Statsfs would also be a different mountpoint from debugfs, and would not
suffer from limited access due to the security lock down patches. Its main
function is to display each statistics as a file in the desired folder
hierarchy defined through the API. Statsfs files can be read, and possibly
cleared if their file mode allows it.

Statsfs has two main components: the public API defined by
include/linux/statsfs.h, and the virtual file system which should end up in
/sys/kernel/stats.

The API has two main elements, values and sources. Kernel subsystems like
KVM can use the API to create a source, add child sources/values/aggregates
and register it to the root source (that on the virtual fs would be
/sys/kernel/statsfs).

Sources are created via statsfs_source_create(), and each source becomes a
directory in the file system. Sources form a parent-child relationship;
root sources are added to the file system via statsfs_source_register().
Every other source is added to or removed from a parent through the
statsfs_source_add_subordinate and statsfs_source_remote_subordinate APIs.
Once a source is created and added to the tree (via add_subordinate), it
will be used to compute aggregate values in the parent source.
A source can optionally be hidden from the filesystem
but still considered in the aggregation operations if the corresponding
flag is set during initialization.

Values represent quantites that are gathered by the statsfs user. Examples
of values include the number of vm exits of a given kind, the amount of
memory used by some data structure, the length of the longest hash table
chain, or anything like that. Values are defined with the
statsfs_source_add_values function. Each value is defined by a struct
statsfs_value; the same statsfs_value can be added to many different
sources. A value can be considered "simple" if it fetches data from a
user-provided location, or "aggregate" if it groups all values in the
subordinates sources that include the same statsfs_value.
Each value has a stats_fs_type pointer in order to allow the user to
provide custom get and clear functions. The library, however, also
exports default stats_fs_type structs for the standard types
(all unsigned and signed types plus boolean).
A value can also provide a show function, that takes care
of displaying the value in a custom string format. This can be especially
useful when displaying enums.

For more information, please consult the kerneldoc documentation in patch 2
and the sample uses in the kunit tests, KVM and networking.

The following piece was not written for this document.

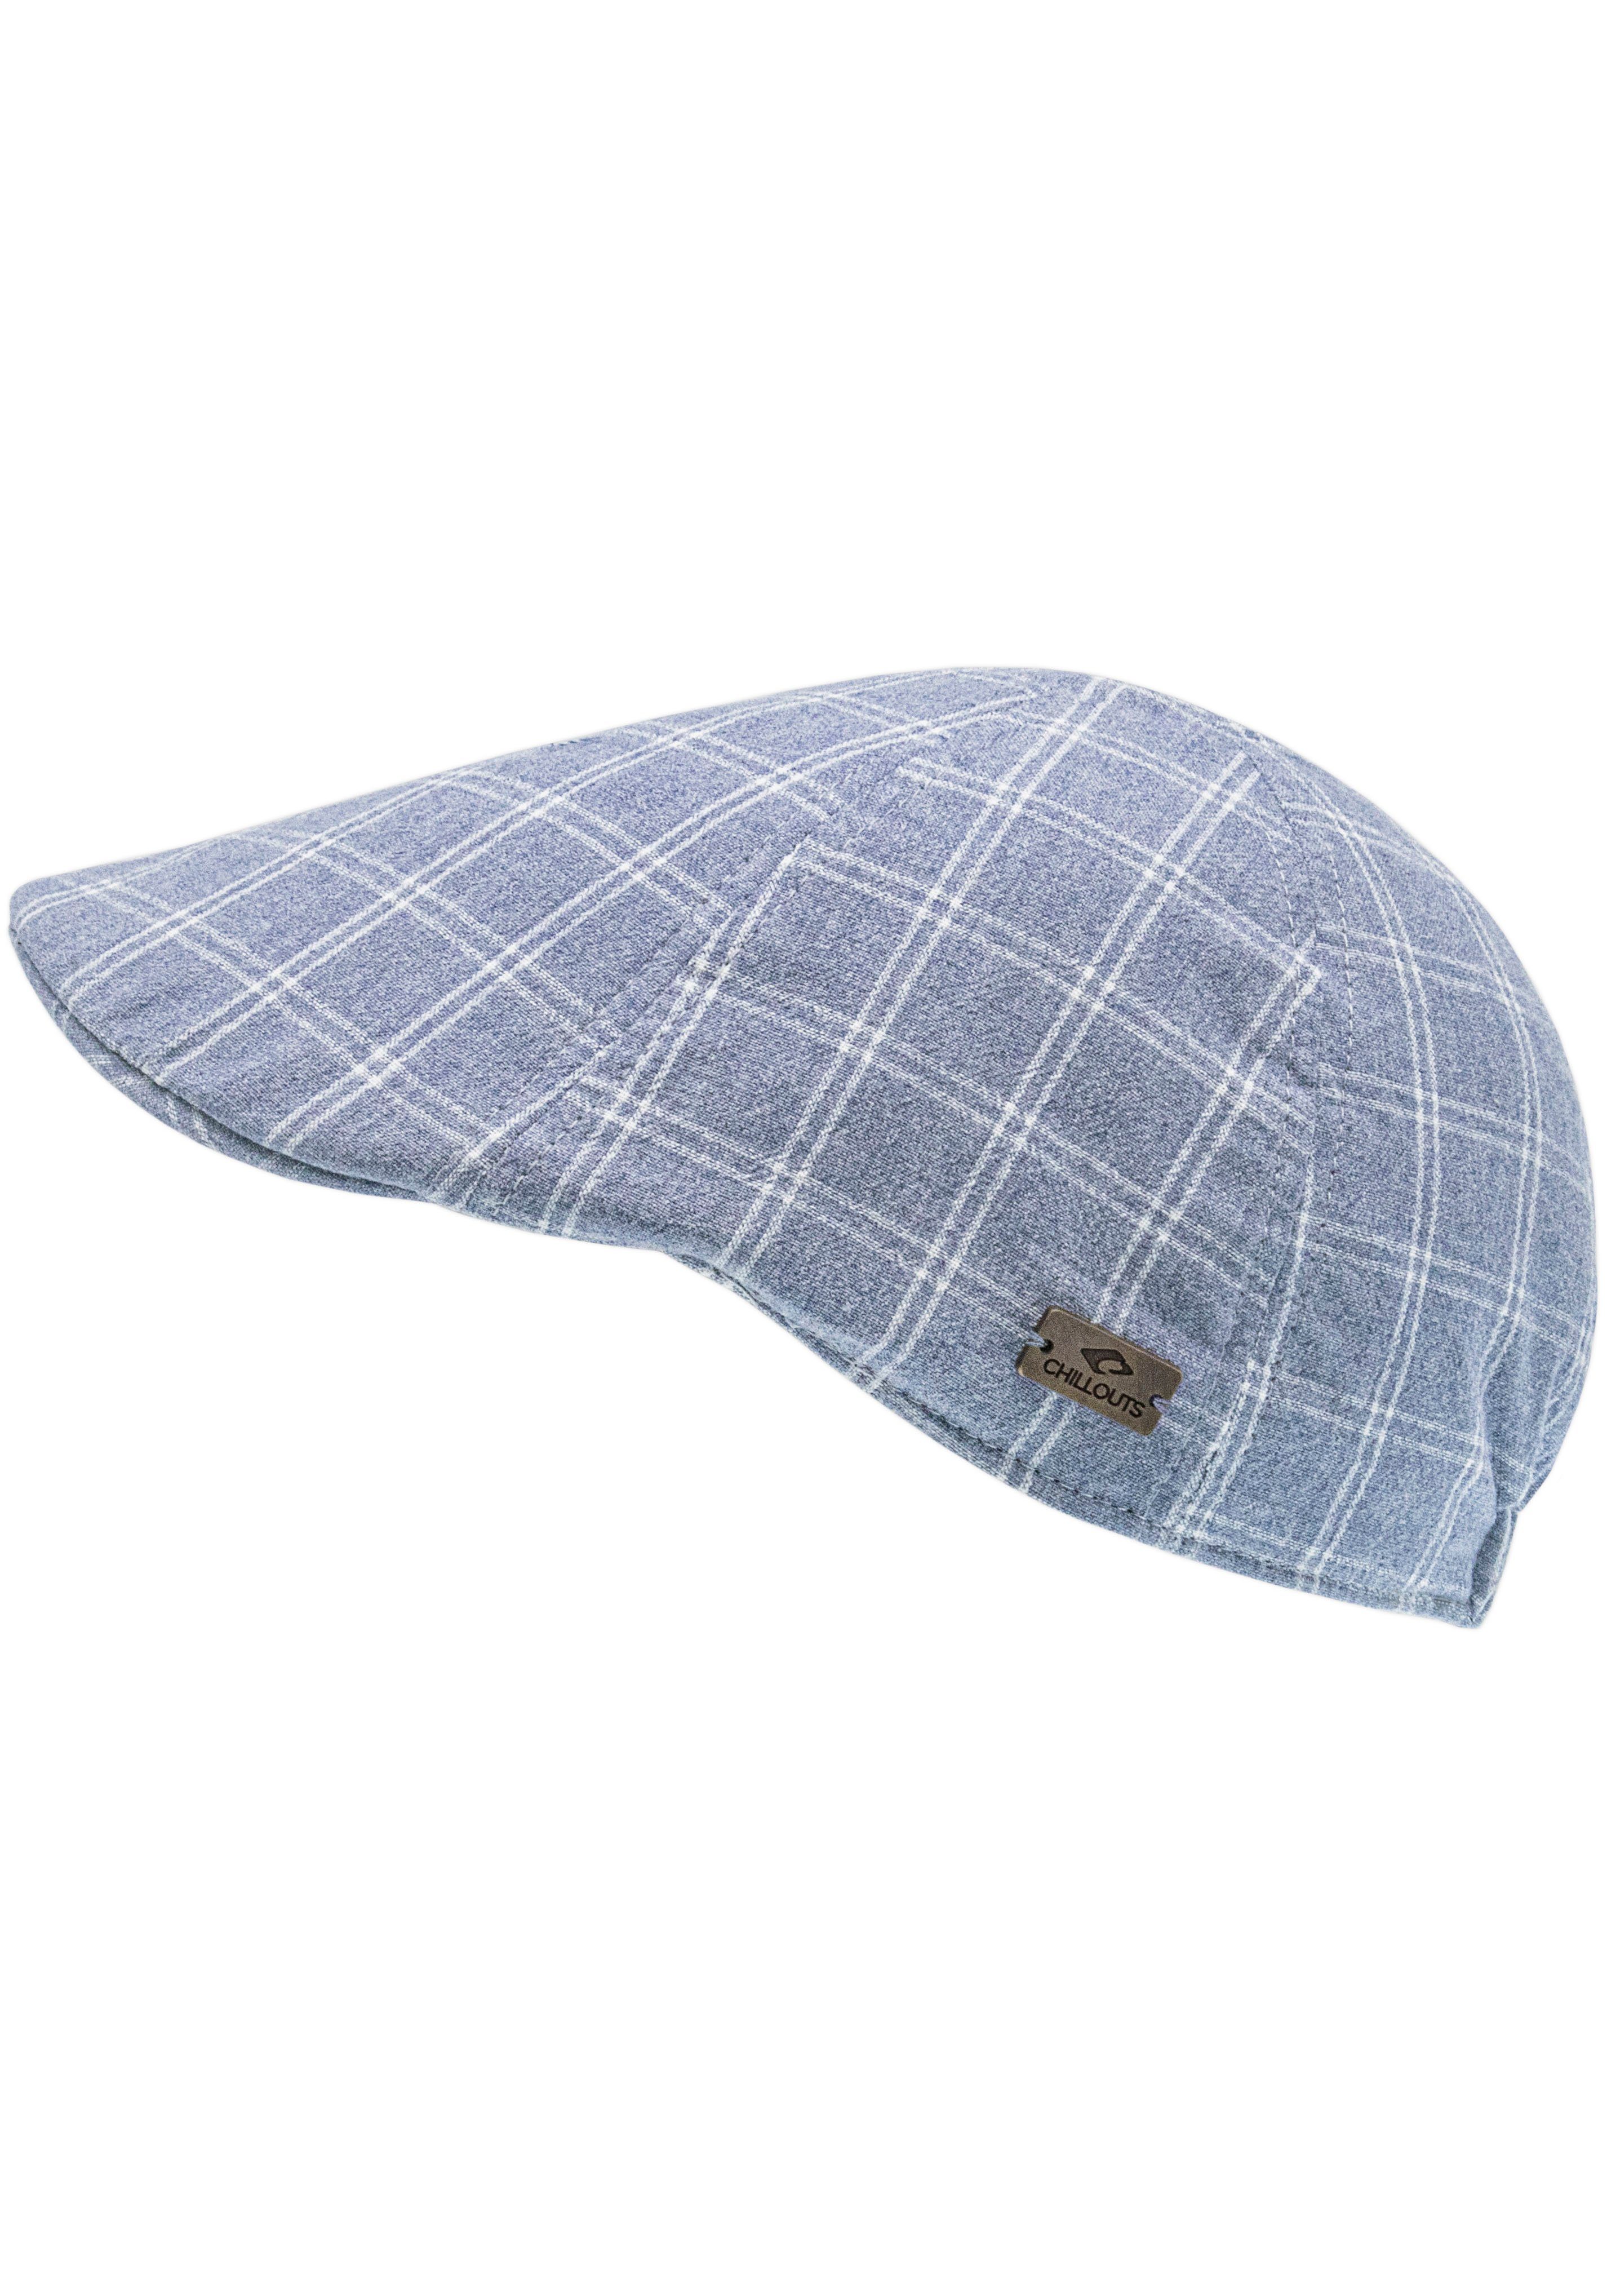 chillouts Schiebermütze Flat Cap, kariert, Cork Hat mit Gummizug jeansblau | Schiebermützen

This series of patches is based on my previous series "libfs: group and
simplify linux fs code" and the single patch sent to kvm "kvm_host: unify
VM_STAT and VCPU_STAT definitions in a single place". The former simplifies
code duplicated in debugfs and tracefs (from which statsfs is based on),
the latter groups all macros definition for statistics in kvm in a single
common file shared by all architectures.

Patch 1 adds a new refcount and kref destructor wrappers that take a
semaphore, as those are used later by statsfs. Patch 2 introduces the
statsfs API, patch 3 provides extensive tests that can also be used as
example on how to use the API and patch 4 adds the file system support.
Finally, patch 5 provides a real-life example of statsfs usage in KVM,
with patch 6 providing a concrete example of the show function and
patch 7 another real-life example in the networking subsystem.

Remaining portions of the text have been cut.